TIGA PULUH TUJUH

87 5 1
                                    

Karin terbaring tidak sadarkan diri diatas hospital bad. Di tangannya tertusuk jarum infus serta bantuan oksigen pada bagian mulut dan hidung. Sekitar pukul enam pagi, Bi Sri, Rena dan driver membawa Karin ke rumah sakit karena majikan mereka itu tidak sadarkan diri. Karin pulang kerumah diantar teman-temannya sekitar pukul tiga dini hari. Keadaannya ketika itu mabuk berat dan masih sadarkan diri. Pada pukul enam pagi, Rena membangunkan Karin hendak menyuruhnya membersihkan diri dan sarapan. Lima belas menitan Rena mencoba membangunkan, tapi tidak ada respon. Napas Karin pun tidak teratur dan lambat serta kulit nya pucat. Rena yang khawatir dengan kondisi Karin segera memanggil bi Sri dan membawa wanita itu kerumah sakit.

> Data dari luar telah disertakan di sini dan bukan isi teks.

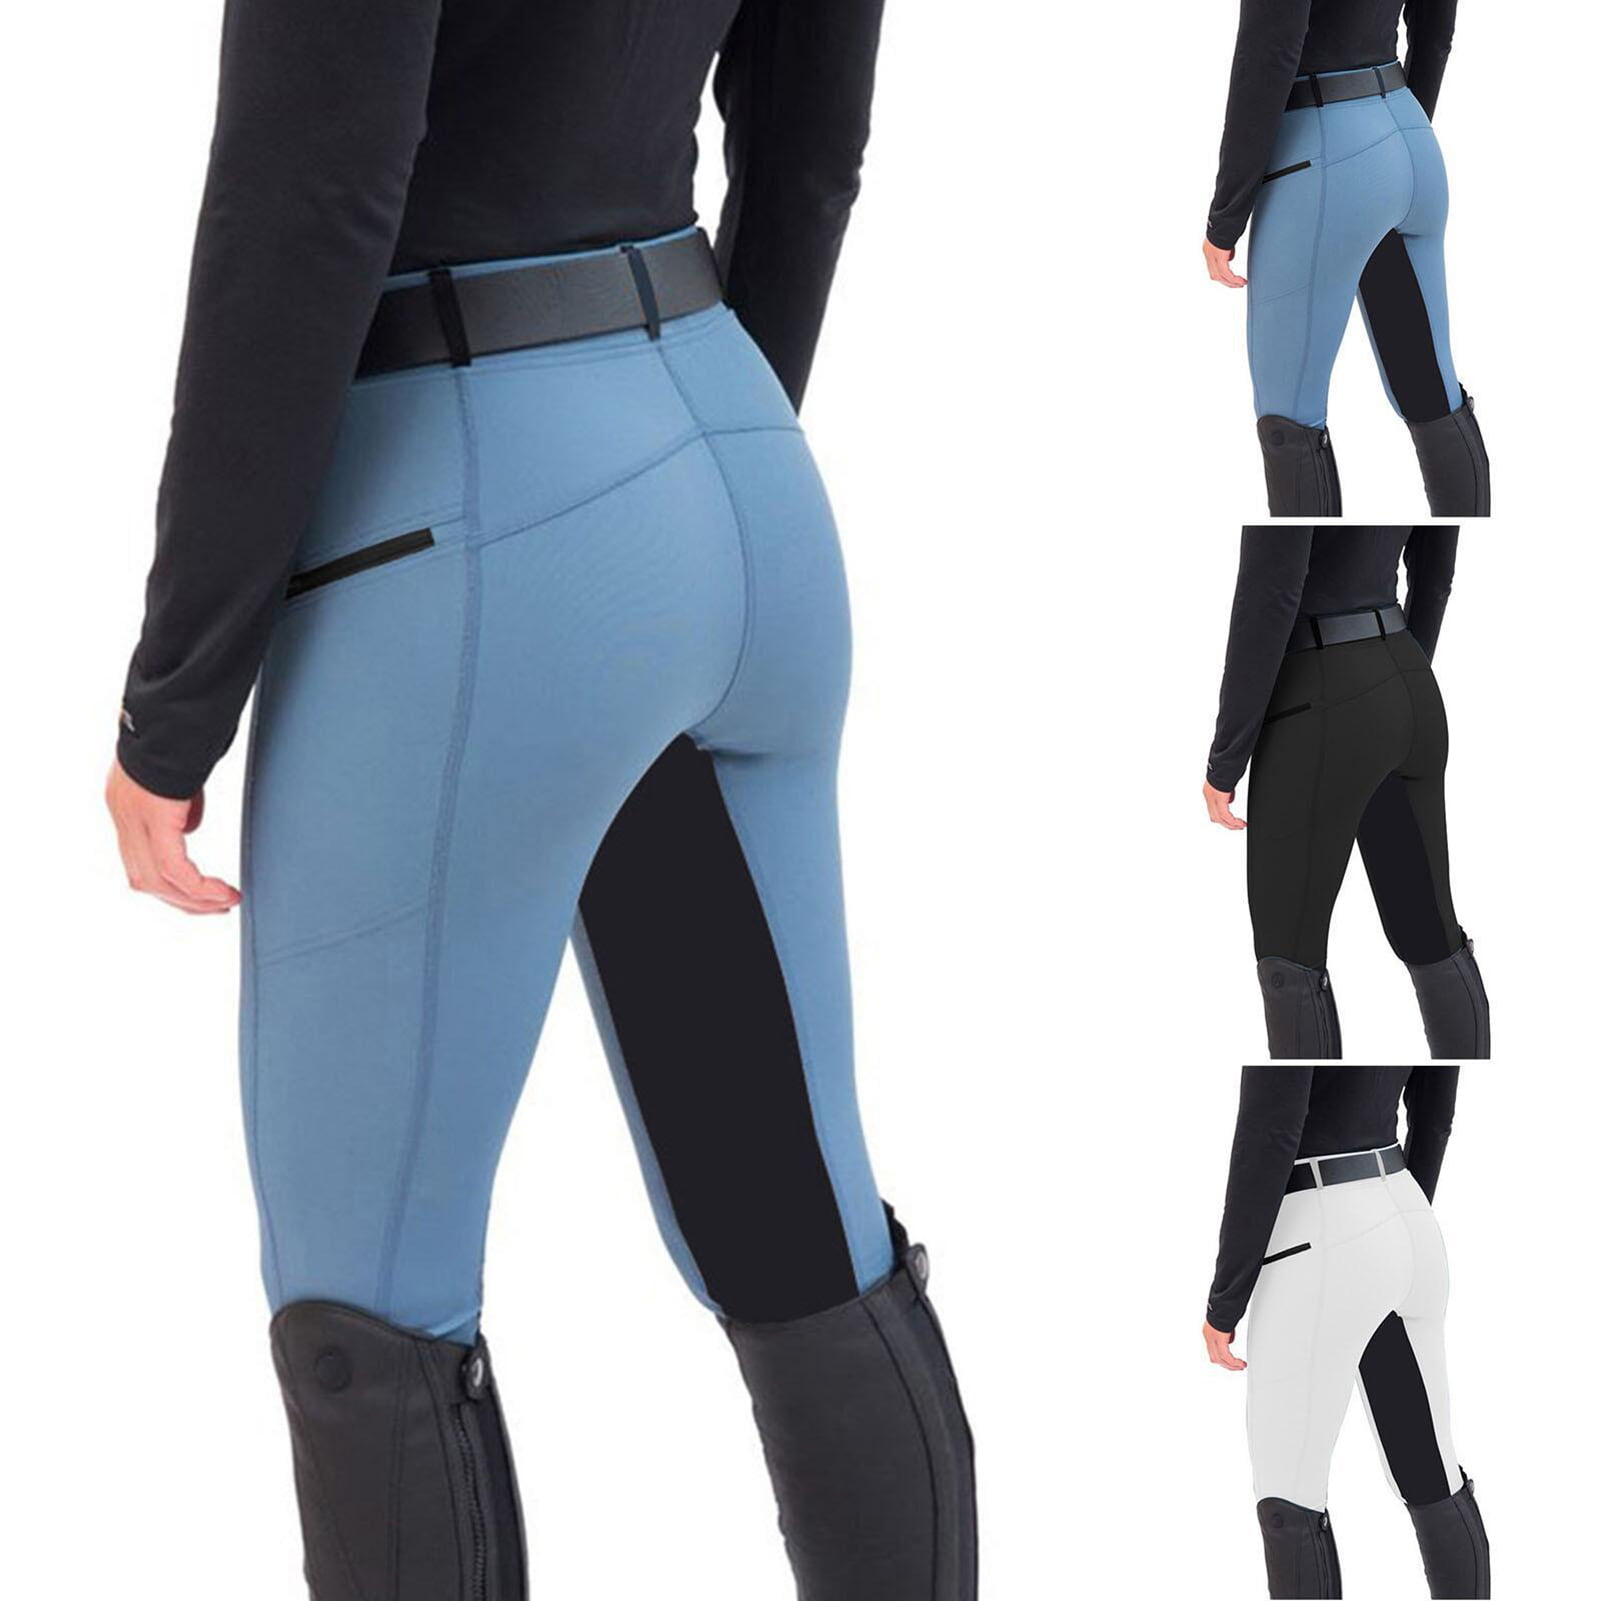 Happy Date Women's Horse Riding Pants Exercise High Waist Breeches Sport  Riding Equestrian Trousers Yoga Leggings Tights

"Kata dokter Ihsan tadi non Karin keracunan alkohol, pak. Alhamdulillahnya cepat dibawa ke rumah sakit. Tadi dokter juga sudah menyuntikkan vitamin serta cairan gula untuk mencegah komplikasi serius dari keracunan alkoholnya pak." Jelas Rena kepada om Ameer yang baru saja sampai diruang rawat inap Karin.

Om Ameer bernapas lega. Paling tidak keponakannya itu sudah mendapatkan penanganan dari dokter. "Terimakasih sudah membantu Karin, Ren."

"Sudah kewajiban saya pak."

"Bagaimana keadaan Karin selama ini, Ren? Saya sangat khawatir dengan keadaannya."

Rena terdiam sejenak. "Semenjak pulang ke rumah, saya tidak pernah melihat non Karin makan pak. Setiap apa yang saya atau bi Sri antar ke kamar, non Karin sama sekali tidak menyentuhnya. Non Karin setiap hari hanya menangis di kamar."

Ameer sebagai pengganti ayah bagi Karin, tentu terluka mendengar penjelasan Rena. Ada rasa tidak terima dan kecewa atas apa yang dilakukan Gio kepada keponakannya itu. Tapi Ameer tidak bisa menghakimi Gio begitu saja. Dia juga harus mendengar dari sisi Gio.

"Pak, non Karin sadar." Suara bi Sri membuat Ameer dan Rena bergegas menuju ke tempat Karin. Bi Sri dan Rena mengambil posisi setengah meter dari kasur Karin. Mereka memberi ruang kepada Ameer untuk melihat kondisi Karin.

"Sayang." Panggil Ameer mengusap kepala Karin.

Karin memandang Ameer dan Ameer dapat melihat tatapan Karin kosong. Tidak ada binar dimata indah tersebut. 

"Karin, om disini sayang."

"Sini om bantu nak." Ameer segera membantu Karin merubah posisinya menjadi duduk. "Karin udah nyaman?"

Karin mengangguk. Matanya tidak lepas menatap Ameer. Sedetik kemudian, air mata berlinang di pelupuk matanya. Tanpa aba-aba Karin memeluk om Ameer. 

"Tumpahin semuanya, nak." Ujar om Ameer mengusap punggung Karin.

Dan pecahlah tangis Karin. Semua rasa sakit, sedih, kecewa dan kehilangan yang selama ini Karin pendam, ia tumpahkan dalam pelukan om Ameer. Karin butuh pelukan. Selama ini ia hanya memeluk lukanya sendiri. Karin tidak sekuat itu. Ia hanya seorang wanita dan seorang anak yang juga butuh dipeluk saat hancur.

Mata Ameer juga berlinang. Betapa perih hatinya melihat kondisi putri semata wayang saudara laki-lakinya itu. Putri yang di besar dan di jaga dengan penuh cinta, dilengkapi semua kebutuhannya, serta di lindungi dengan segenap jiwa, kini harus hancur seperti ini. Anak perempuan yang selalu ceria itu sudah hilang dari dirinya. Sekarang hanya tersisa kesedihan.

"Karin makan ya." Bujuk om Ameer setelah Karin melepaskan pelukannya.

Tatapan mata Karin kembali kosong. Ia menggeleng.

"Om suapin mau?"

Karin menggeleng lagi.

"Karin mau makan apa? Perut Karin harus di isi biar Karin nggak sakit." Ameer berbicara begitu lembut, seperti berbicara dengan anak kecil.